Sleepless in Nashville

DEAR SEAN:

I need your help. I am a bedwetter. I am 13 and I don’t know what do to or who to go to, or why I keep doing this. I hate myself, I wish I could change.

I wish I could talk to someone about this, but I’m scared. Like maybe talk to my dad, but I don’t even know my dad ‘cause he left us when I was little, and I think he hates me because whenever I call him he doesn’t want to talk to me. He never even remembers my birthday.

…I just wanted to tell someone who could help me, I’m so embarrassed. Please don’t use my name. What should I do? Please answer my email if you have some time.

Thank you,
SLEEPLESS-IN-NASHVILLE

DEAR NASHVILLE:

This isn’t my normal column topic, but your letter struck a nerve. But before I say anything else, listen to me:

Relax. Breathe, my friend. Eat something manufactured by Little Debbie. Draw a warm bath. Watch episodes of “The Andy Griffith Show.” Or at the very least, “Monk.”

Peeing the bed is not a huge problem. Granted, I’m no doctor, and my advice isn’t worth much. It’s probably a good idea to get checked out, just to be safe.

Still, I believe you will get through this. I swear. And do you want to know why I believe this?

Because you’re talking to a former professional bedwetter.

That’s right. I used to wet the bed. You might think you’re unique, but you’re not the only one in the world with at golfball-sized bladder.

I peed the bed for years. It got to the point where my mother wouldn’t let me drink liquids past lunchtime. “But I’m thirsty, Mama,” I would whine.

To which Mama would reply, “Swallow your own spit, I do enough dirty laundry to cover the needs of Mainland China.”

Does any of this sound familiar?

My bedwetting problem got super bad after my father died by suicide. I was a mess. Every morning I awoke in a puddle.

Eventually, my mother helped cure my bedwetting problem. And believe me, I’m going to tell you how we accomplished this in a second, but I’m getting ahead of myself.

The first thing you should know is you’re not a freak. Nighttime accidents are common. Around 20 percent of children pee the bed. Among teenagers, the average is around five percent.

Now, I want to pause here, and talk about this statistic. FIVE PERCENT of the world’s teenagers pee the bed. That’s a lot of pee.

Think about it like this. About 25 percent of the world’s population is teen. So if we do simple math, divide the sum, carry the two, subtract the fiscal gross income of Norway, we get about 2,000,000,000 bedwetting teenagers worldwide.

Two billion teenagers is a lot of folks.

That’s more than the entire population of China. That’s WAY more than the population of the United States. This number is well over twice the population of all Europe. Are you following me here? What I’m saying is that twice the population of Europe, including members of the Vatican City, still wets the bed.

What we’re actually talking about is called “nocturnal enuresis.” Kidneys naturally make more urine at night. And since your bladder is probably still growing, it might not be ready for the pee surplus.

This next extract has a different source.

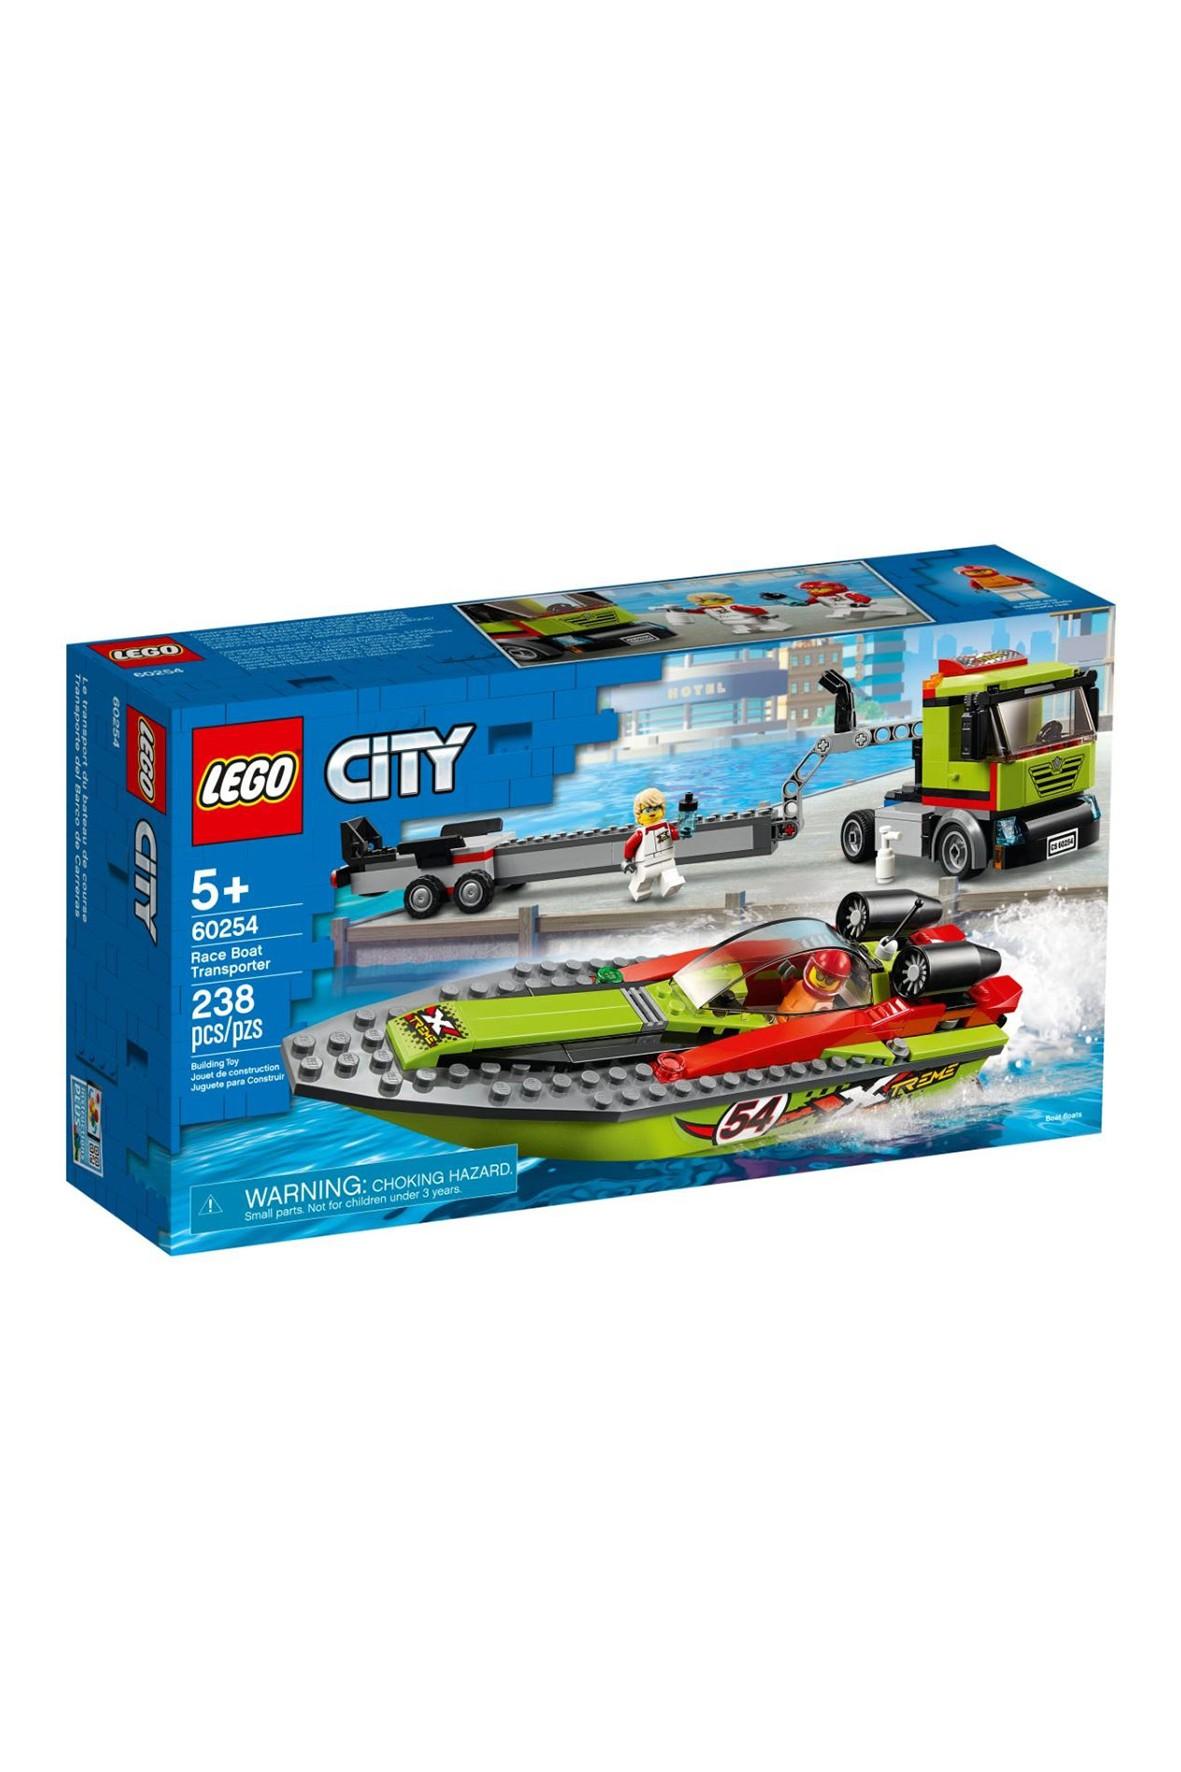 Lego City - Transporter łodzi wyścigowej - 238 el wiek 5+

Furthermore, at night, your brain is so deeply asleep that your whole body is numb, so you can’t feel when your body has to “go.” Thus, your body takes care of business.

I slept on rubber sheets for years. My mother took me to doctors because she was worried about my urinary problem. The doctor said it was probably stress.

Which brings up my final point.

Stress. Stress is one of the most common reason for enuresis. You might not THINK you’re stressed, but you probably are. Kids experience stress when life is unpredictable. Moving into a new house, or a new school, or experiencing a divorce, or losing a parent, or whatever.

So anyway, my mother finally cured my problem by setting an alarm clock. For years I slept with an alarm clock beside my bed. The clock went off at 1 a.m. Every night. The rule was whenever the alarm sounded, I got up and went to the bathroom.

I did this for three years. Eventually, I quit wetting the bed. In fact, going to the bathroom at night became such a habit that, to this day, I still wake up around that same time to see a man about a dog.

The main thing here is to realize that you are not weird, my friend. You’re just going through something. You’ve endured a lot in your life, and your body is likely dealing with stress the best way it knows how.

Talk to a doc. Try not to overthink things. You’re going to get past this. I promise. I got through it. So will you. You might not think your father has time for you, but you can rest assured that I do.

Write me any time.

Love,
—Your Fellow Bedwetter

2 comments

  1. Dee Thompson - December 29, 2023 3:24 pm

    Poor kid. I was a bedwetter until I was about 9. I woke up, cleaned myself up and put on a fresh gown, and got in bed with my parents, every night. No wonder I am the youngest. I had an “accident” once when I was about 15.
    Your mother’s trick of setting the clock was/is brilliant. Great advice. I hope he sees your column.

    Reply
  2. Patricia Taylor - December 30, 2023 12:26 am

    What an uplifting letter to this child! Wonderful advice and care! You gave them Hope and Courage and Real Answers! God Bless You for sharing your story with them!